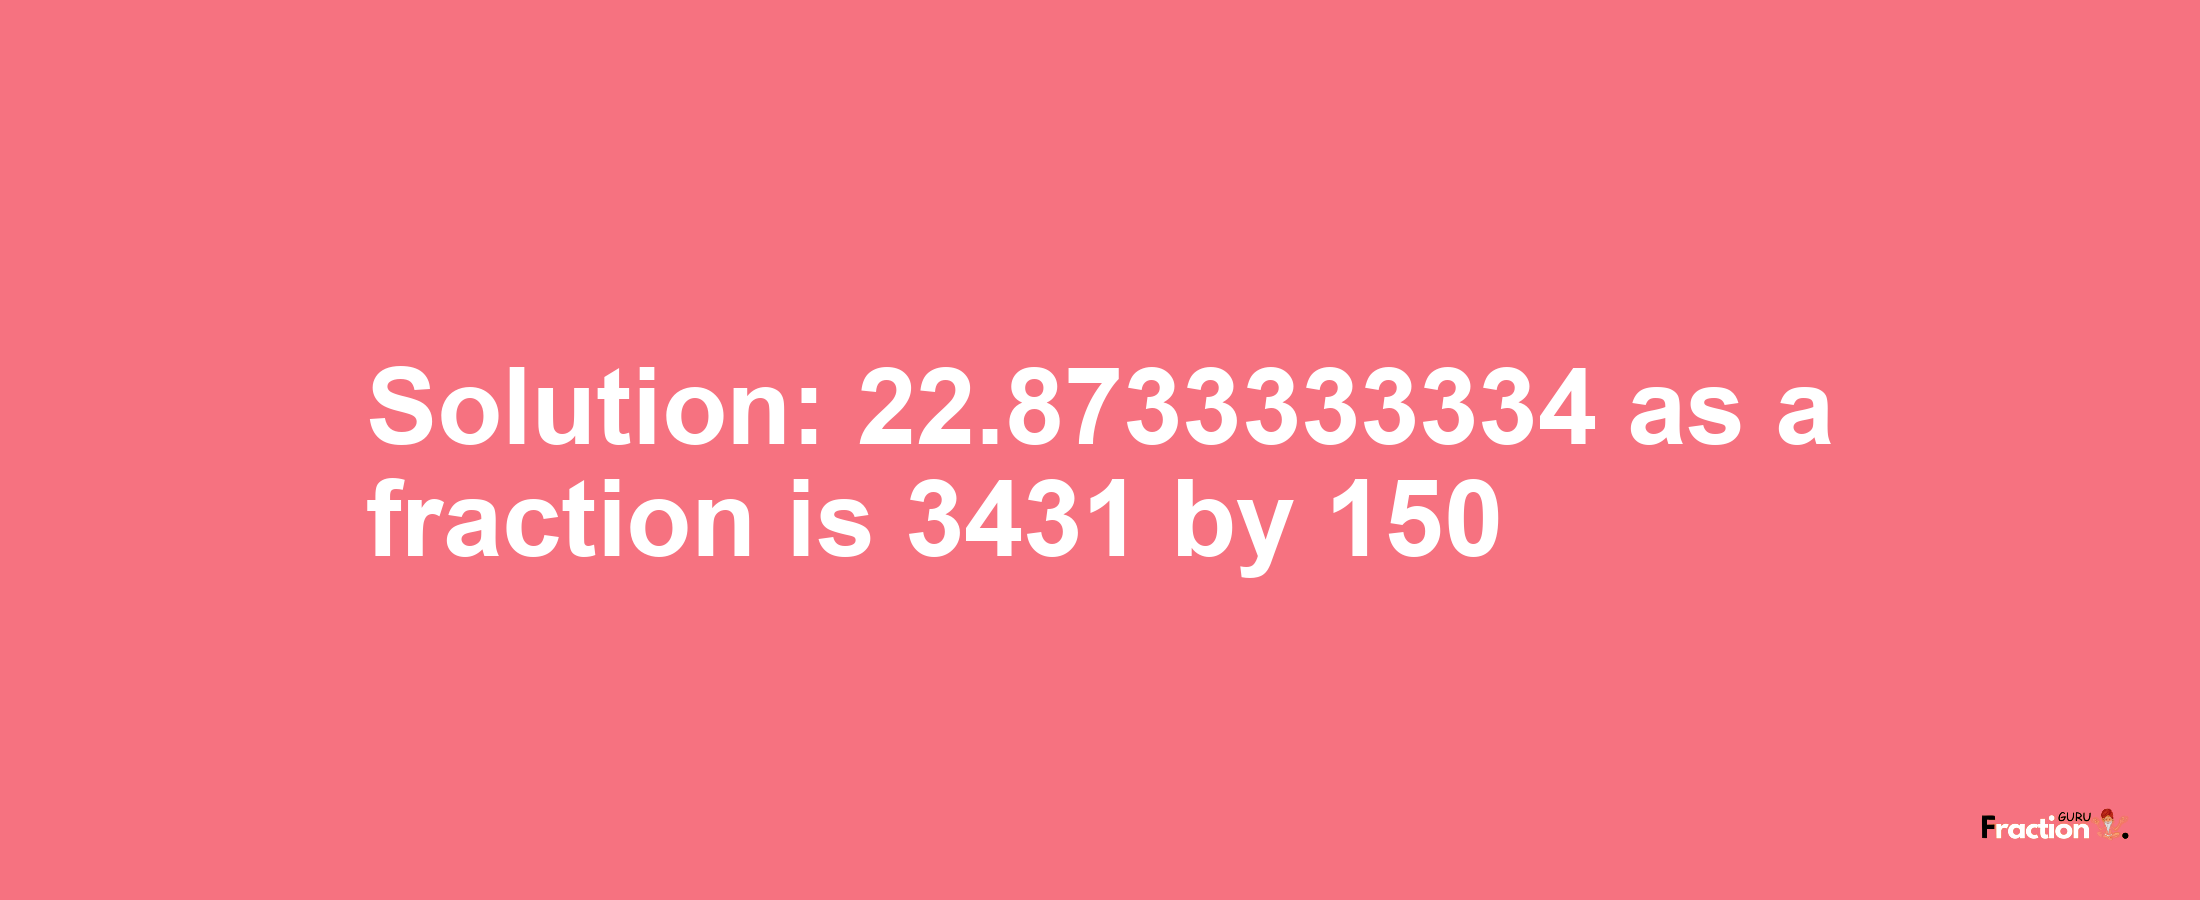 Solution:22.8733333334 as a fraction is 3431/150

---

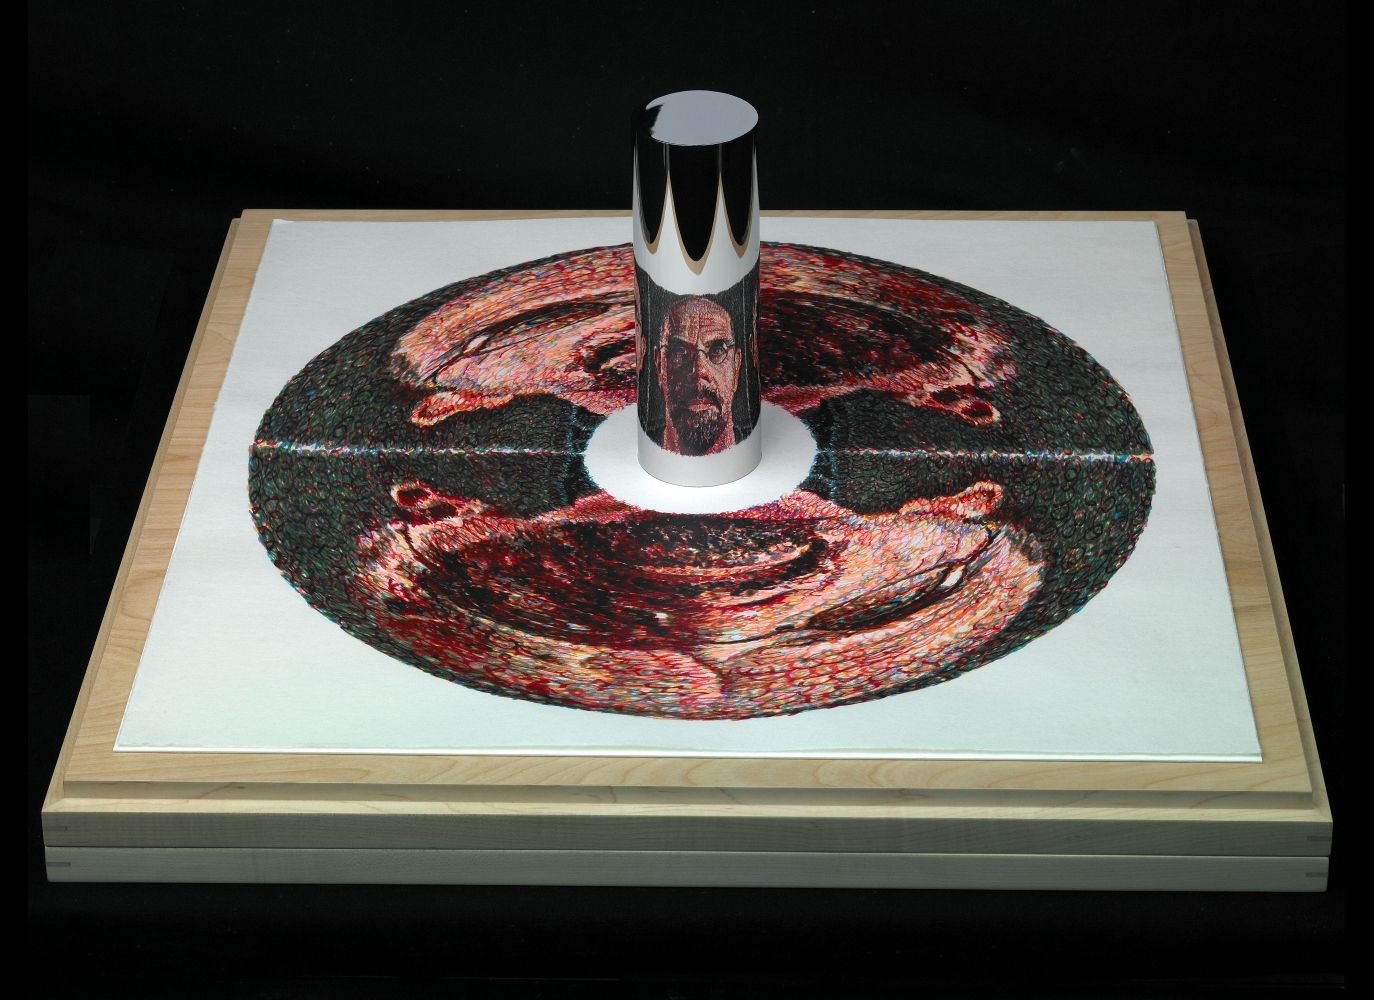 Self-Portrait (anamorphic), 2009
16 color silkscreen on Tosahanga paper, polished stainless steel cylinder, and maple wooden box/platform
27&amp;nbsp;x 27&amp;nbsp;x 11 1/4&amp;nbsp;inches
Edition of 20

*What is required*: From the records above, copy only the lines running from the line holding "Self-Portrait (anamorphic), 2009" through the line holding "Edition of 20", with no pictures.

*Exercise answer*:
 Self-Portrait (anamorphic), 2009
16 color silkscreen on Tosahanga paper, polished stainless steel cylinder, and maple wooden box/platform
27&amp;nbsp;x 27&amp;nbsp;x 11 1/4&amp;nbsp;inches
Edition of 20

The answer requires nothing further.